I don’t often hear people say this about my boys, but I can tell they’re thinking it. The disapproving looks. The not-so-subtle eye rolls. The exasperation and frustration.
They wonder how we could possibly let them get away with that.
After all, all they need is a good whipping.
You know, when they were younger, I sometimes listened to those people. I did spank my boys, and I regret it every day! I wonder what would be different now if we hadn’t spanked. Would there be less anxiety in the house, would they have less trust issues? Would they hurt each other and themselves less?
No one really knows for sure.
I love my boys, and everything about them. But sometimes, I’ve gotta admit…Autism sucks. High functioning autism is invisible…Until it isn’t. These guys are just enough to the left or right of normal that they act, feel, behave, and ARE different. It’s not a disability. It just IS THEM.
They are different enough that they KNOW they’re different. But there’s nothing they can do about it, except hide, pretend, mimic. They will never be just like everyone else. They aren’t even just like each other, for goodness’ sake! They will always wonder what else they can do to be like everyone else.
There are things we can do to help them through life. To function in the “normal” world. But they will always have autism.

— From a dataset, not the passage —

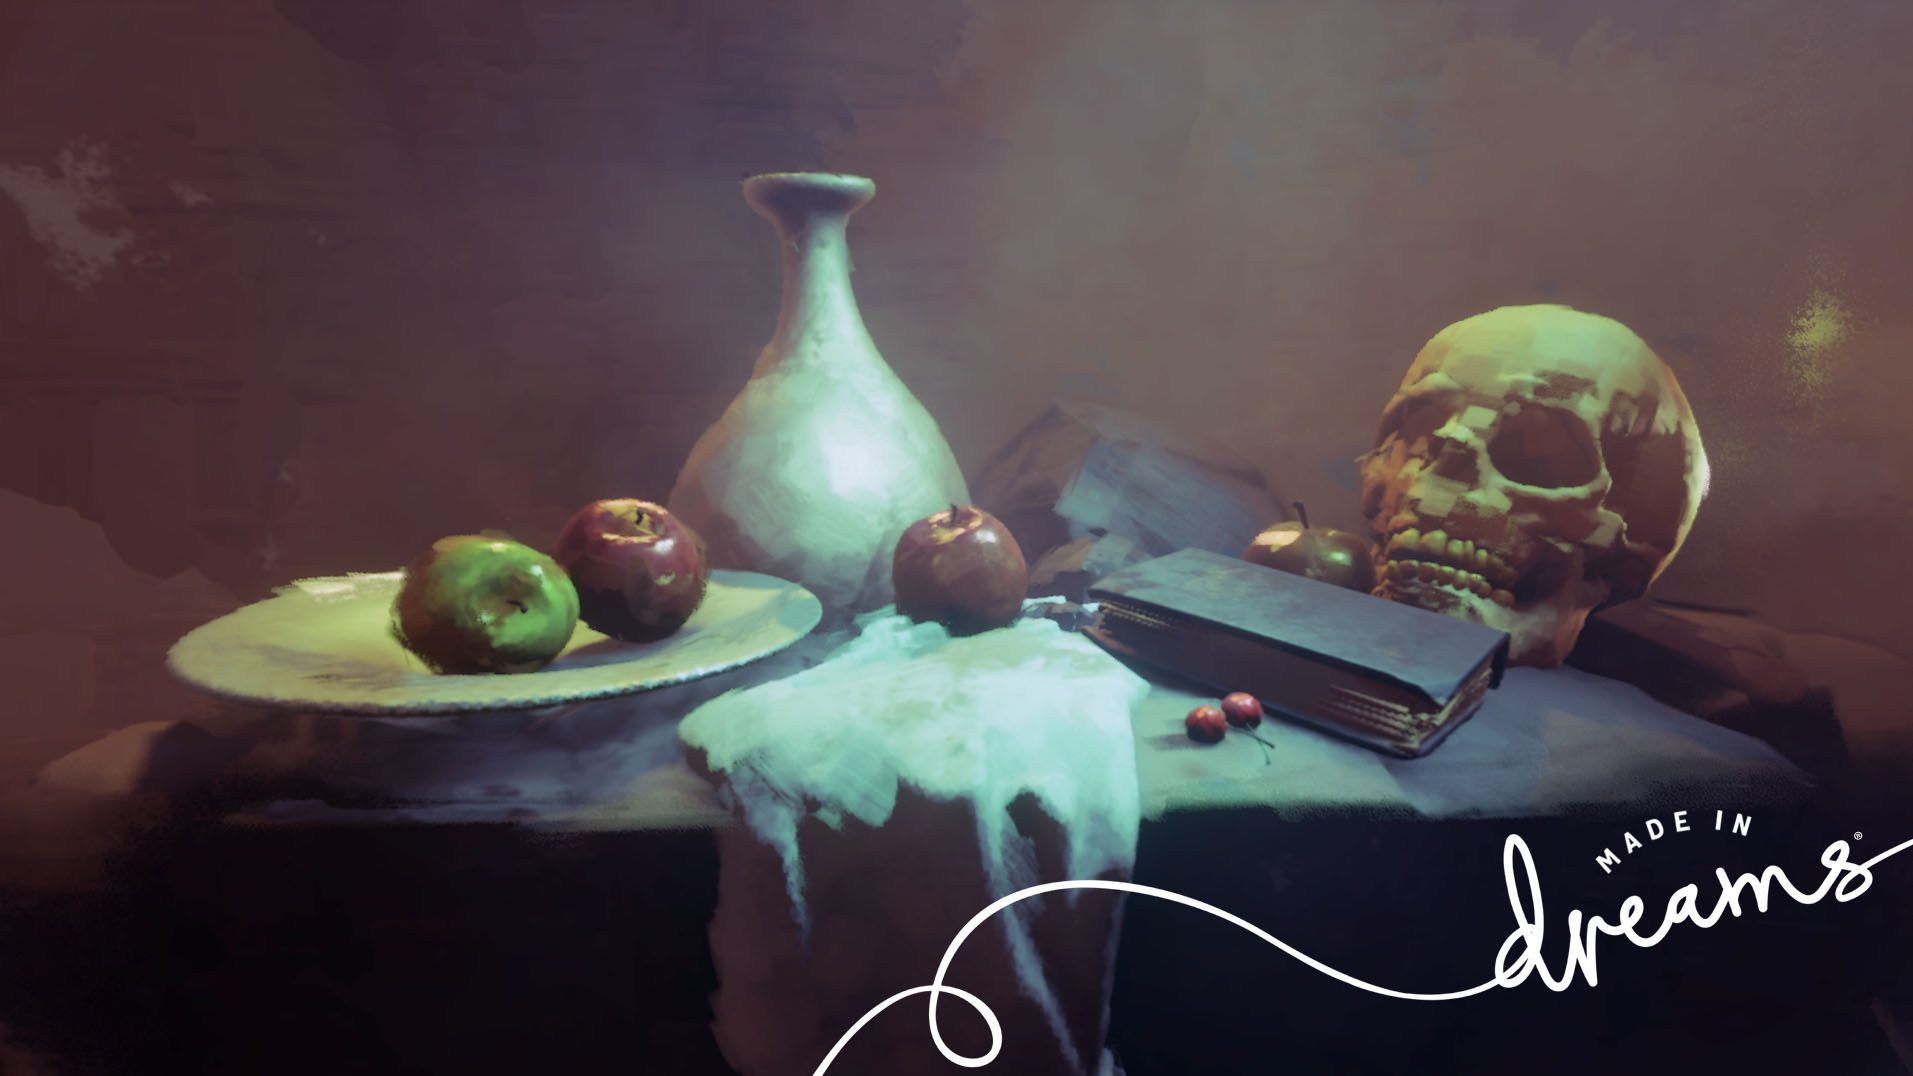 jokAeQk8dNnTHbgnDmTWxa - From LittleBigPlanet to Dreams: Media Molecule and the future of DIY gaming

THEY will always be the ones to try to conform to others’ standards.
Knowing that Jerry and I are definitely on the spectrum as well (the two of us haven’t been tested, but when the boys were tested, everything resonated so loudly and clearly that we just KNEW, and mysterious pieces of our childhoods fell into place!) makes it a little easier, in a way. We are, after all, a family of misfits.
But it still hurts to have others doubt our parenting abilities, to feel judged, to feel less than, and to know that people are looking down at our precious boys.
It’s kind of funny that everyone always tells kids to just be yourself. Then make sure that the kids know that isn’t what they meant at all…
I have to admit, I really didn’t have a point for this post. I am just feeling the sting of reality today, and I don’t like it.